Consistent with this assumption, research has repeatedly demonstrated that individual differences in WM predict variance in comprehension. The most common approach to measuring WM has involved complex span tasks (see Conway et al., 2005; Kane et al., 2004). For example, Daneman and Carpenter’s (1980) original reading span (RSPAN) task required participants to read a series of unrelated sentences aloud, after which they were asked to recall the last word of each sentence. Given concerns that sentence-final words were being generated from recall of the gist of the sentence, rather than from maintenance in working memory (Conway et al., 2005), more recent versions of the RSPAN task typically present an unrelated target (e.g., a word or letter) after each sentence to be maintained for subsequent recall after the end of the sentence set. The operation span (OSPAN) task is conceptually similar, requiring the processing of arithmetic equations along with maintenance of unrelated targets that follow each equation. More generally, complex span measures include both processing and maintenance task components. Of greatest interest for present purposes, a key feature of these measures is that the content to be processed and the content to be maintained are independent of one another. Even Daneman and Carpenter’s original version of the RSPAN task involved maintenance of information that was irrelevant to subsequent processing (preceding sentence-final words were irrelevant to processing the content of subsequent sentences).

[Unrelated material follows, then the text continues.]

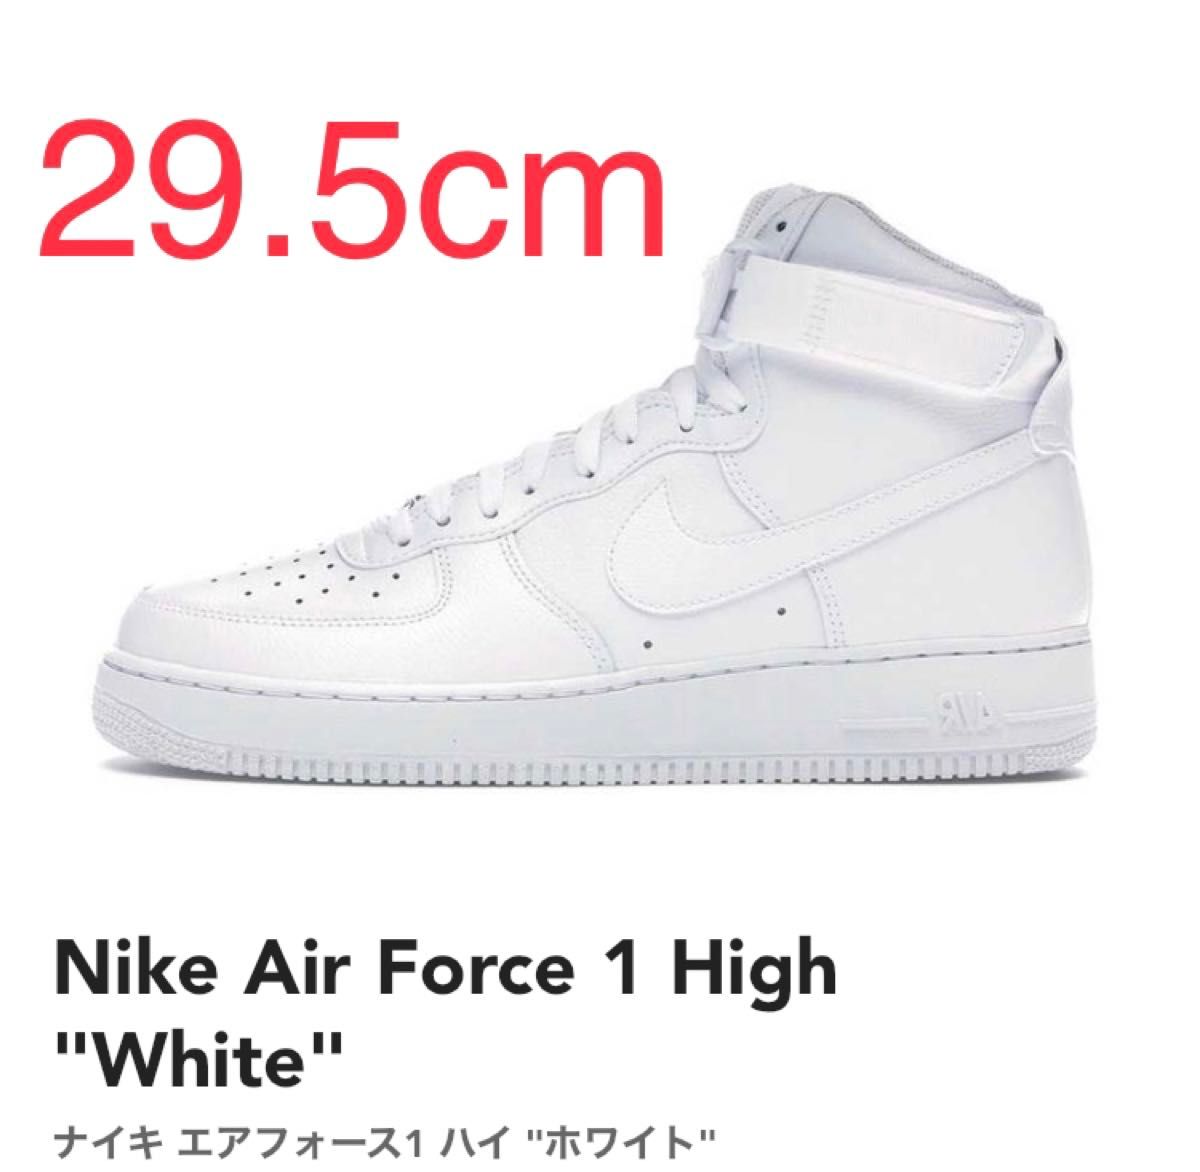 Nike Air Force 1 High "White"29.5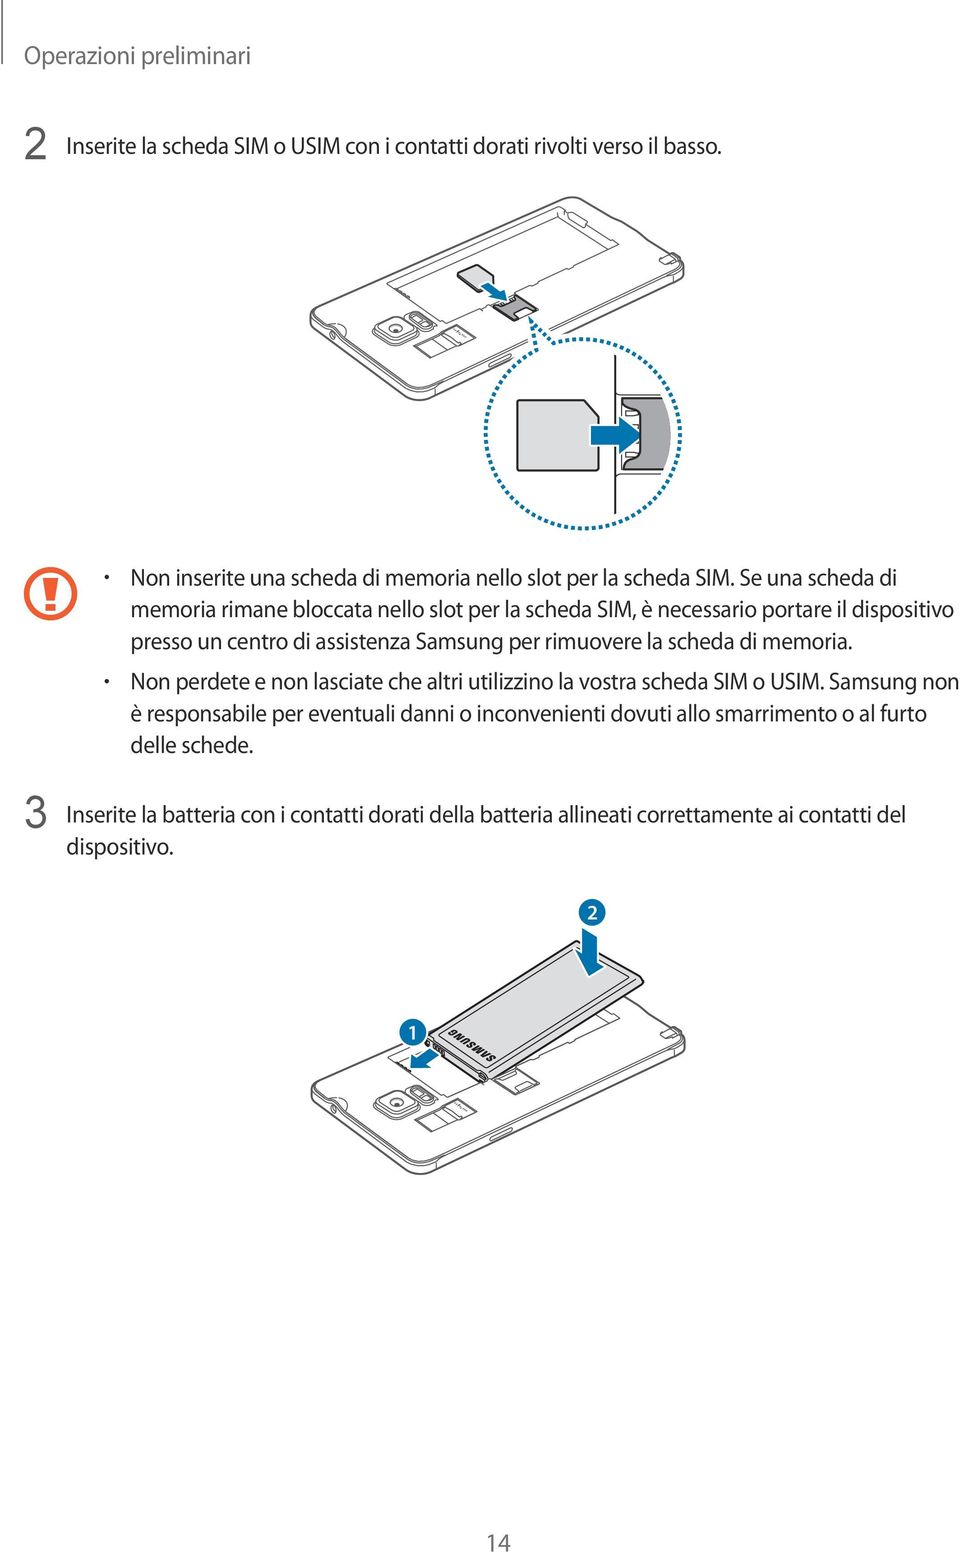 Se una scheda di memoria rimane bloccata nello slot per la scheda SIM, è necessario portare il dispositivo presso un centro di assistenza Samsung per rimuovere la

A second category of WM measures includes tasks, referred to here as content-embedded tasks, that also require processing and maintenance of information to perform successfully (Cowan, 1999; Kyllonen & Christal, 1990; Woltz, 1988). Content-embedded measures differ critically from complex span tasks in one key respect: The content to be maintained is processing relevant rather than processingirrelevant. As was previously described, in complex span tasks, the information that must be maintained is extraneous to the processing task. In content-embedded tasks, the information that is being processed or updated in WM is also the information that must be maintained for subsequent output. For example, in the digit-recoding task, participants are presented with a string of numerals that they are required to maintain in WM and process (e.g., if the digit string was 7 3 8 4 2 5, questions might include, “What number came after 4?” and “What is the difference between the third and last numbers?”). Thus, in contrast to complex span tasks, the content that must be maintained for output in content-embedded tasks is processing relevant rather than extraneous.

Although both content-embedded tasks (e.g., Was & Woltz, 2007) and complex span tasks (e.g., Engle, Carullo, & Collins, 1991) correlate with measures of comprehension, complex span tasks have been the WM measure of choice. Indeed, the volume of studies that have examined associations between complex span tasks and comprehension is too vast to be summarized here (for recent reviews, see Carretti, Borella, Cornoldi, & De Beni, 2009; Daneman & Merikle, 1996; Unsworth & Engle, 2007b), whereas Was and Woltz reported the only prior study to examine the association between content-embedded tasks and comprehension. Most important, no prior research has directly compared the association between comprehension and WM as measured by complex span tasks versus content-embedded tasks.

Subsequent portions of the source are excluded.